Understanding North Korean Negotiating Behavior
Institute book on North Korean negotiating behavior available.
WASHINGTON--Journalists and others seeking to understand the strange machinations of Kim Jong Il and the North Korean regime would do well to read Negotiating on the Edge: North Korean Negotiating Behavior by Scott Snyder, published in 1999 by the U.S. Institute of Peace Press.
Scott Snyder, a former program officer with the Institute, now with the Asia Foundation in Seoul, explains in the book that the North Koreans' disturbing penchant for confrontation, threats and violence should not be dismissed as lunacy or behavior not to be dignified with a reaction. Rather, he argues, it is part of a predictable pattern of behavior that must be studied and understood if the U.S. government and the West are to respond effectively to the current provocations from Pyongyang.
In the book, Snyder focuses on bilateral and multilateral negotiations between North Korea, the United States and other countries during the 1990s. In so doing, he provides valuable insight into the thought processes of a mysterious and reclusive leadership sect.
Other recent Institute resources on Korea include:
- The Great North Korean Famine: Famine, Politics and Foreign Policy
by Andrew S. Natsios (2001, U.S. Institute of Peace Press). - North Korea's Nuclear Posture: Policy Options for the United States
USIPeace Briefing, December 2002 - Overcoming Humanitarian Dilemmas in the DPRK (North Korea)
Special Report, July 2002
An Excerpt from Negotiating on the Edge
CONTENTS
An Introduction...
On June 4, 1993, Vice Foreign Minister Kang Sok Ju of the Democratic People's Republic of Korea (DPRK) and his delegation arrived at New York's John F. Kennedy International Airport to participate in negotiations stemming from North Korea's decision to withdraw from the Nuclear Non-Proliferation Treaty (NPT). The delegation was greeted by the director of the State Department's North Korea desk, C. Kenneth Quinones, and an armed customs official, who escorted the delegation to a special area for questioning and immigration processing. Having arrived in the United States for diplomatic negotiations at a time of high crisis that could possibly lead to war, the North official of the U.S. government with alarm. At this moment of high tension, it was not a greeting that inspired trust among Kang and his delegation, who had come to New York for high-level political talks as part of a last-ditch U.S. effort to convince North Korea not to follow through on a March announcement to withdraw from the NPT, a decision that was scheduled to take effect the following week, on June 12. If these talks failed, the United States threatened to lead a drive at the United Nations for international economic sanctions, a measure that North Korea had announced it would regard as an act of war. The stakes could not have been higher in these negotiations between two countries with no diplomatic relations and little previous official contact.

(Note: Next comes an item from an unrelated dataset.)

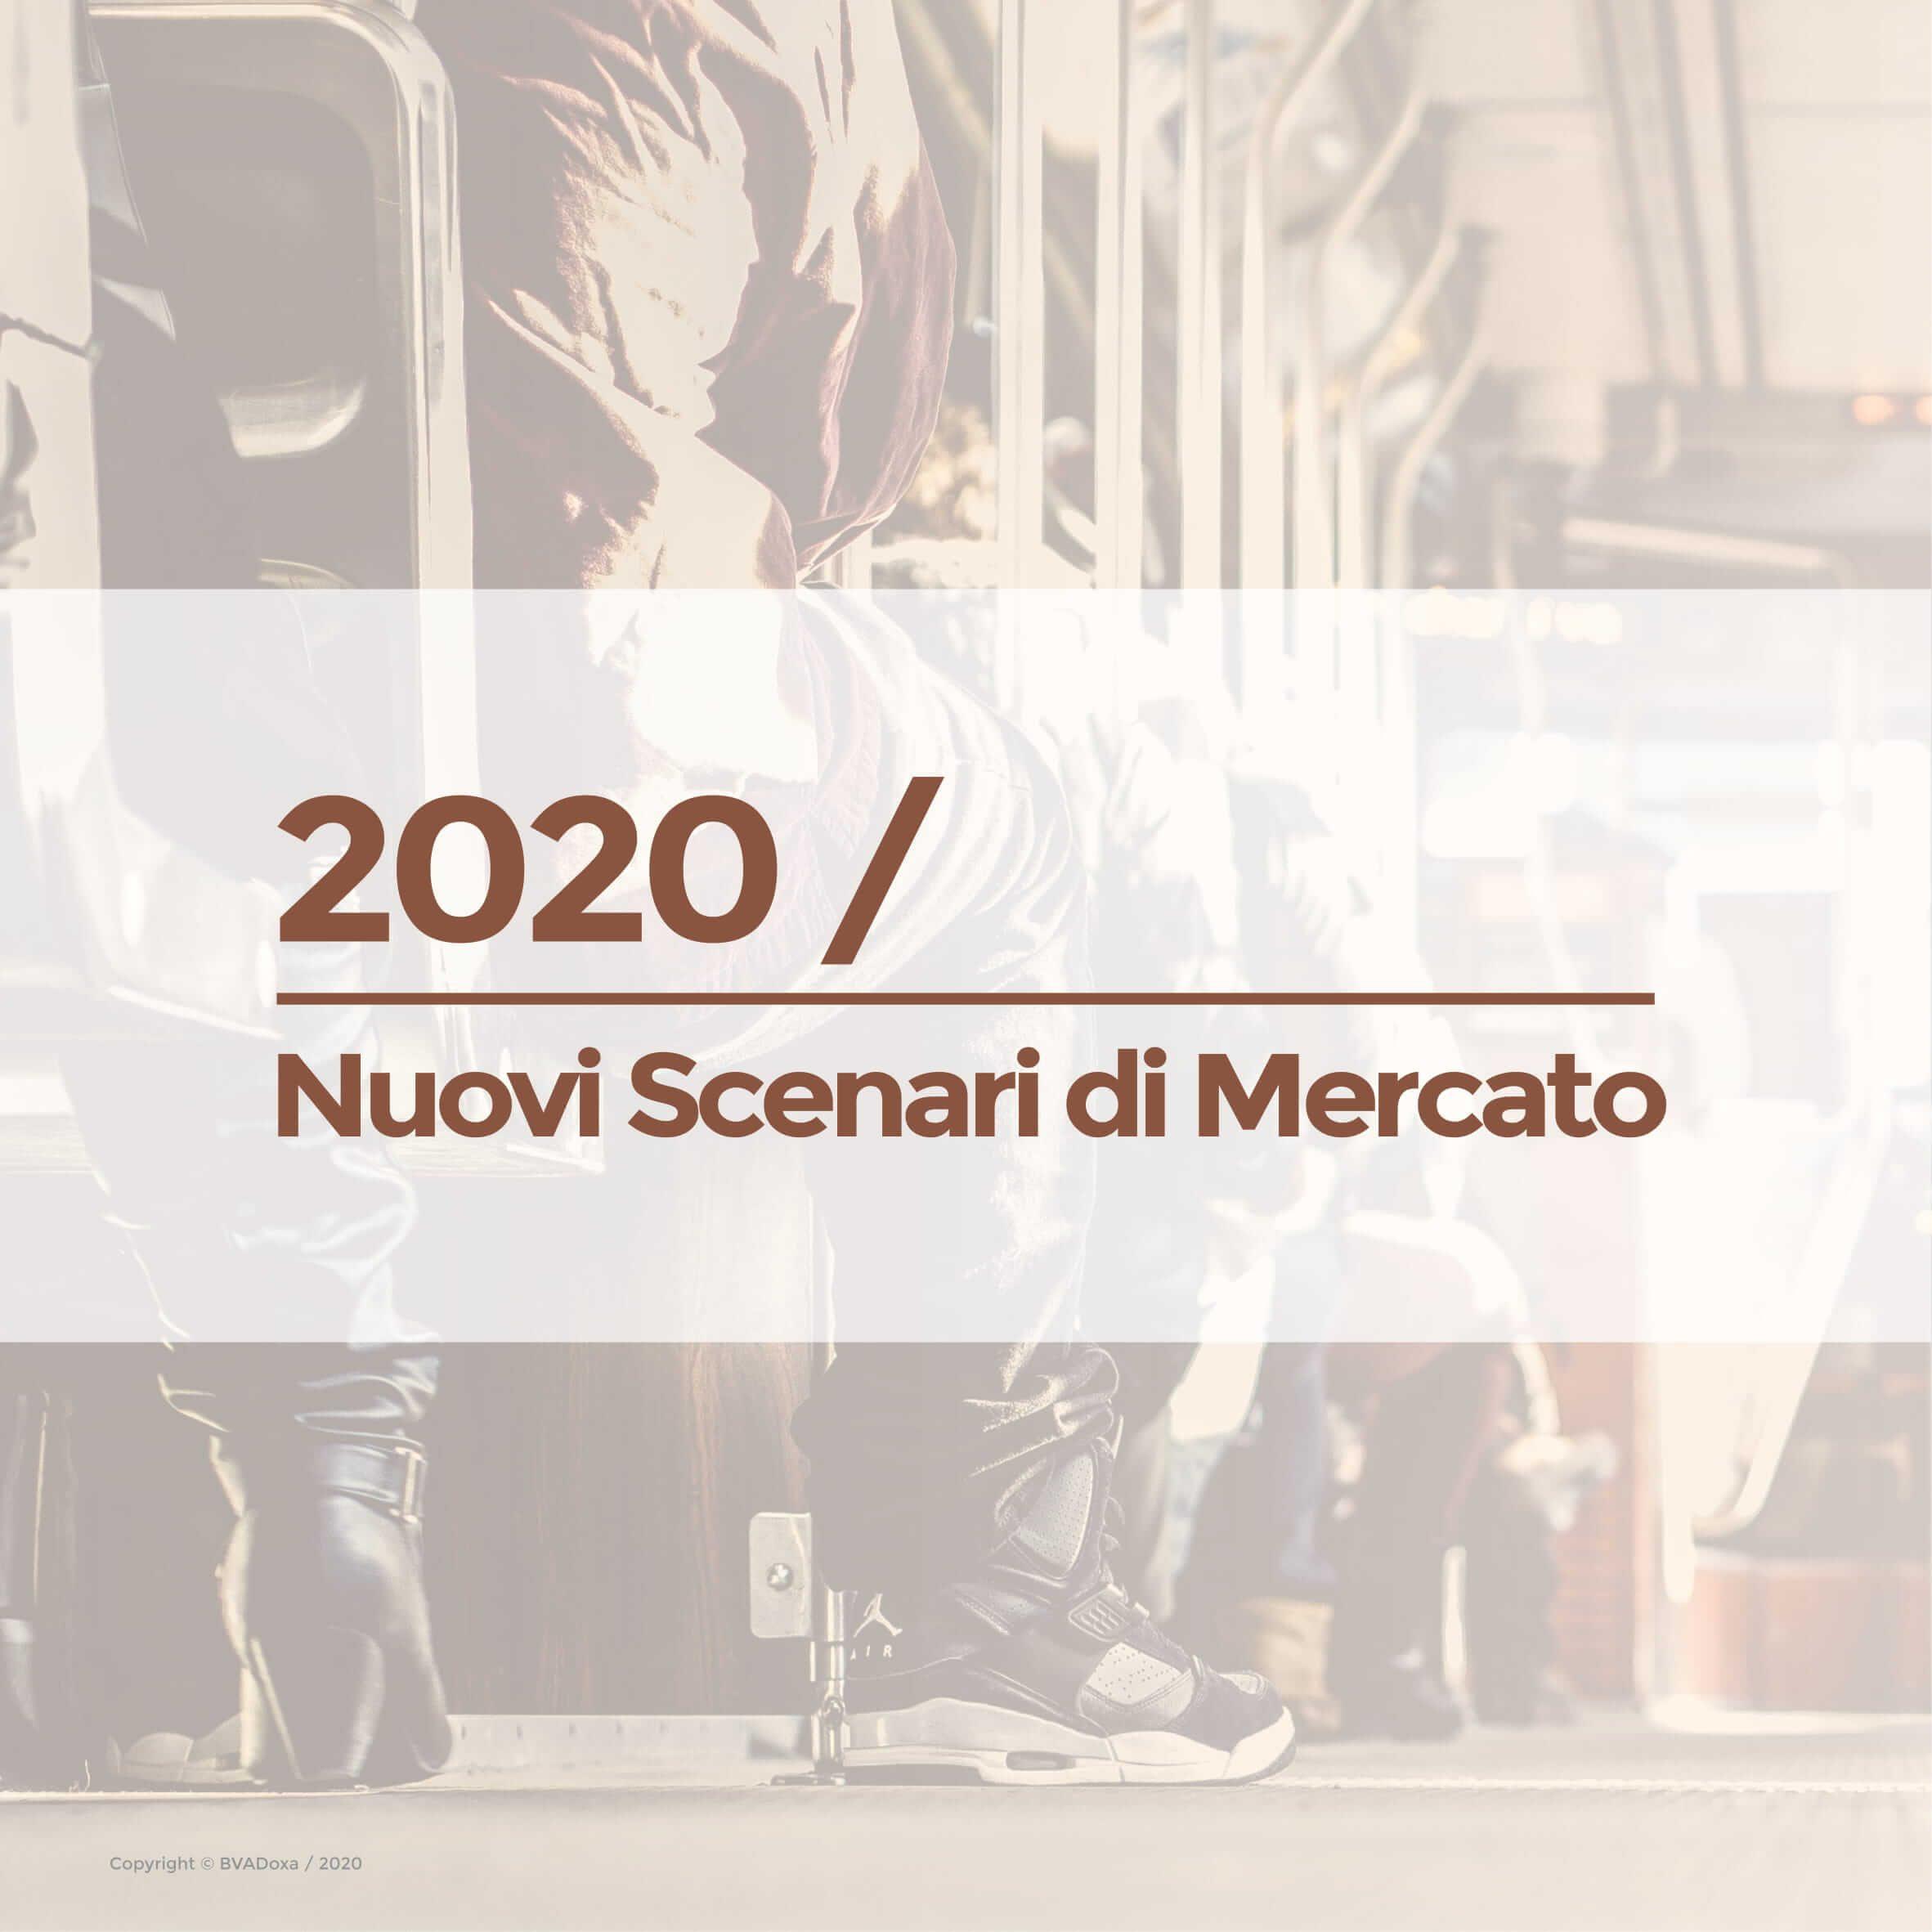 Bva Doxa Nuovi Scenari 2020 Short 02

North Korea, an isolated and seemingly impenetrable state that had managed somehow to survive the collapse of communism in the rest of the world, sought to achieve its diplomatic objectives and maintain the survival of its regime by engaging the United States, a distracted superpower with a new president who had been elected on a domestic agenda and had little experience in foreign relations. Moreover, U.S. negotiators had almost no idea of what to expect from North Korean officials. With the exception of a single high-level meeting the previous year in New York between Arnold Kanter, the Bush administration's under secretary of state for political affairs, and Kim Yong Sun, secretary for international relations of the Korean Workers' Party of the DPRK, the U.S. and North Korean governments had not been involved in high-level political negotiations since the 1951-53 armistice negotiations that ended the Korean War.

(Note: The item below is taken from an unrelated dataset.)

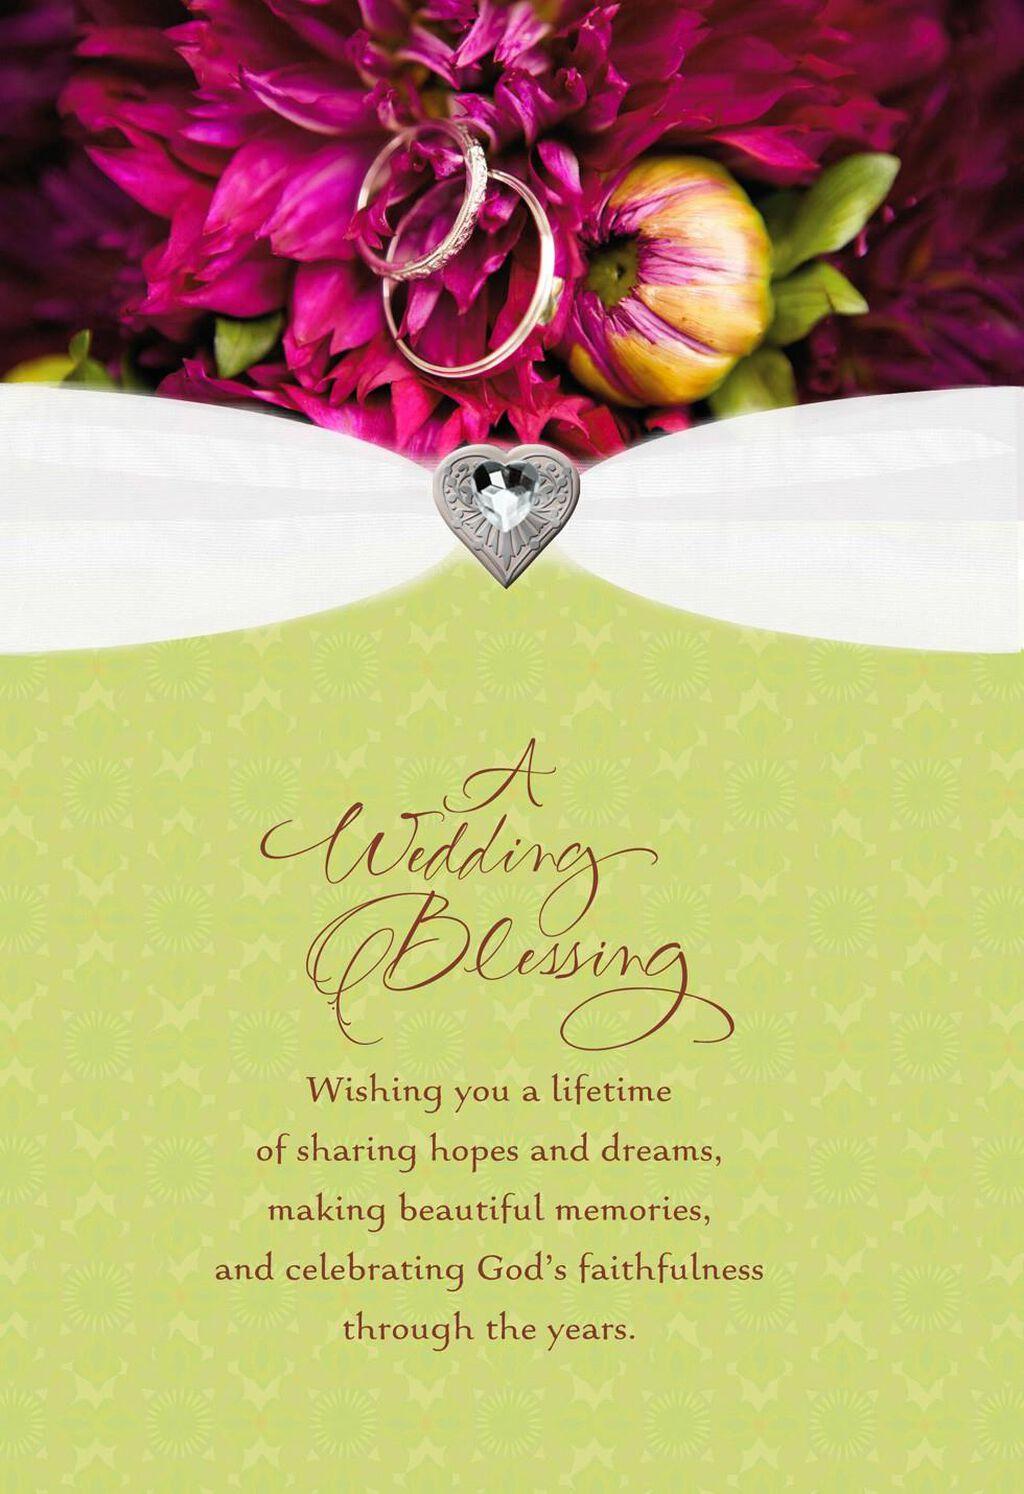 Wedding Blessing Religious Wedding Card Greeting Cards Hallmark

When Minister Kang arrived at the door of the U.S. mission to the United Nations the following day, he was again greeted by the State Department's Ken Quinones. It was only after Minister Kang was escorted inside the mission that he finally met his negotiating counterpart, Robert L. Gallucci, assistant secretary of state for political-military affairs. Although Kang may have perceived the low level of his initial greeting as a slight, it was politically impossible for the State Department to conceive of the American media reporting a live, public greeting between Kang and a senior administration official at the doorway of the U.S. mission to the United Nations, particularly given the perceived audacity of North Korea to announce that it would flout the international regime designed to prevent nuclear proliferation. The atmosphere inside was initially tense and uneasy as long-time adversaries shared coffee before sitting down to a make-or-break negotiation with serious implications for war or peace in Northeast Asia. There was little allowance for small talk between delegations on either side, and there were virtually no previously existing relationships or common experiences between delegation members on either side that might have helped break the ice. Yet the task of the two delegations was to find mutually acceptable areas of agreement that might lead away from confrontation over the future of North Korea's nuclear program.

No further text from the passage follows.